Judge: IT company is not responsible for cyber attack Hof van Twente

A judge has ruled that IT company Switch does not have to pay the compensation of 4 million that the Court of Twente demanded in connection with the ransomware attack in 2020. The judge believes that the municipality itself had failed and that Switch did not act negligently .

The court states that Hof van Twente itself opened the rdp port to the internet, set the easy-to-guess password ‘Welcome2020’, and had not activated two-step verification. As a result, the municipality itself would have been responsible for the ransomware attack, the judge ruled. In addition, neither the firewall rule changes nor the password change were reported to the IT company, Switch IT Solutions. The municipality itself wanted the highest management rights, which is why Switch had already warned in advance that it ‘cannot be held responsible for the consequences of the own actions of the employees of the municipality’.

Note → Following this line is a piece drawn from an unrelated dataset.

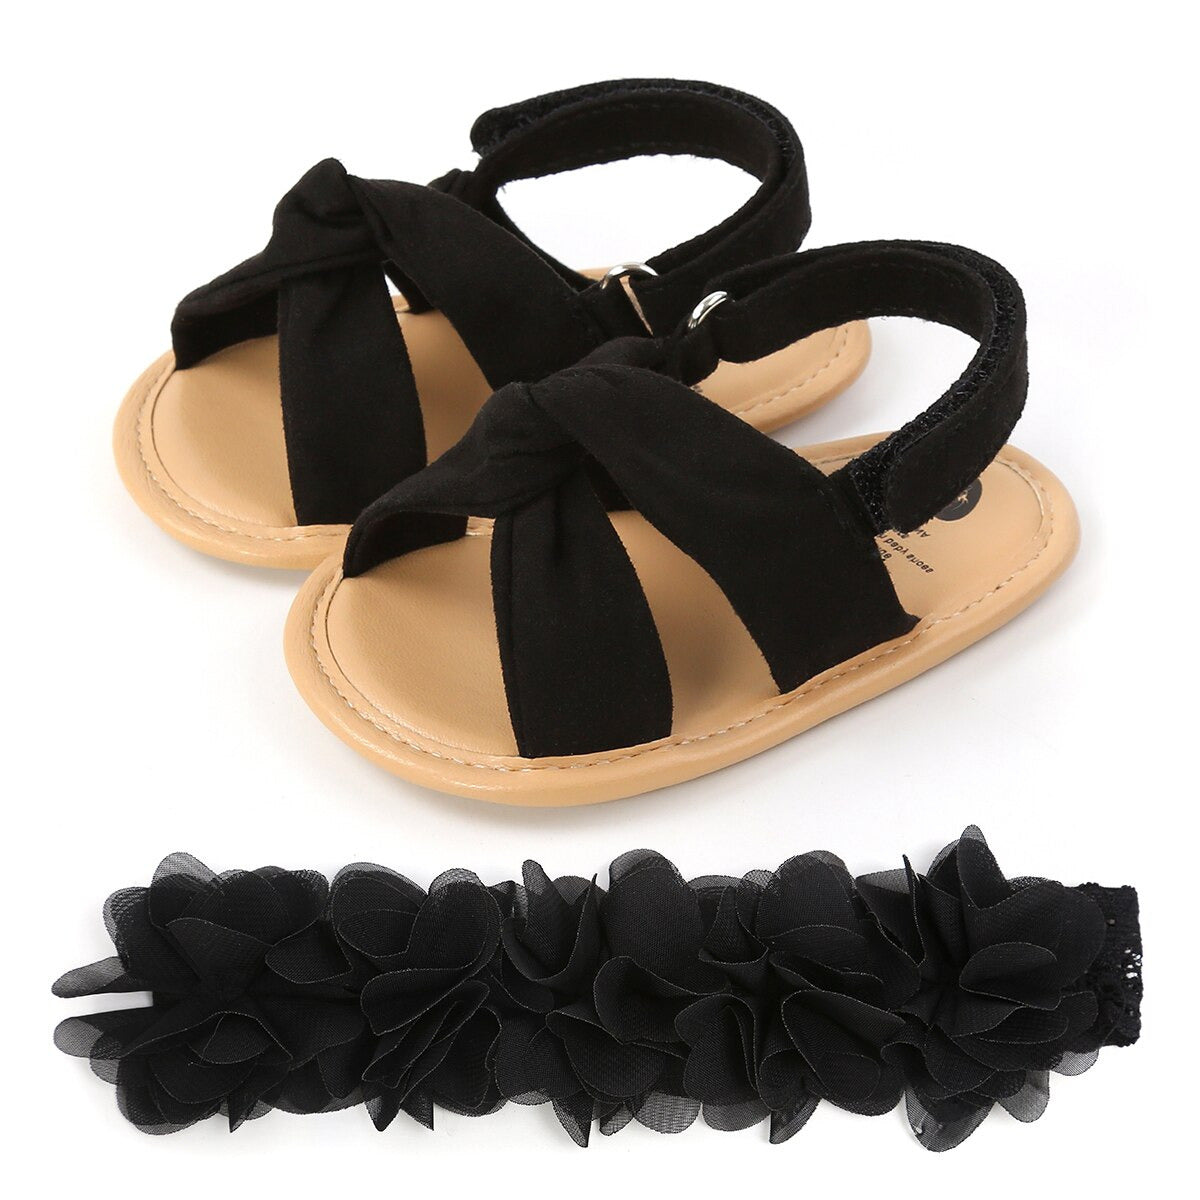 Sandals and Chiffon Flower Headband Set

The IT supplier had taken care of adequate security, according to the court, and has thereby complied with its contractual agreements. The contract did not explicitly state that the supplier was obliged to report security risks, but it did state that it was required to detect signals of risky situations. “It has been explicitly agreed that proactive monitoring only concerns the functioning of the servers, storage and network facilities. Unauthorized login attempts and/or a brute force attack will only be reported in functional monitoring if they affect the capacity, performance and availability of the The municipality has stated that this has been the case here, but has not substantiated it.”

In December 2020 a ransomware gang managed to gain access to the systems of the municipality via a brute force attack, which were infected with ransomware and therefore became unusable. The group then demanded 750,000 euro ransom . Hof van Twente refused to pay and, according to the municipality, it has lost its entire IT infrastructure. Court of Twente said that tens of thousands of login attempts were made on the servers of the municipality that were not noticed by Switch, and therefore demanded compensation of 4 million euros.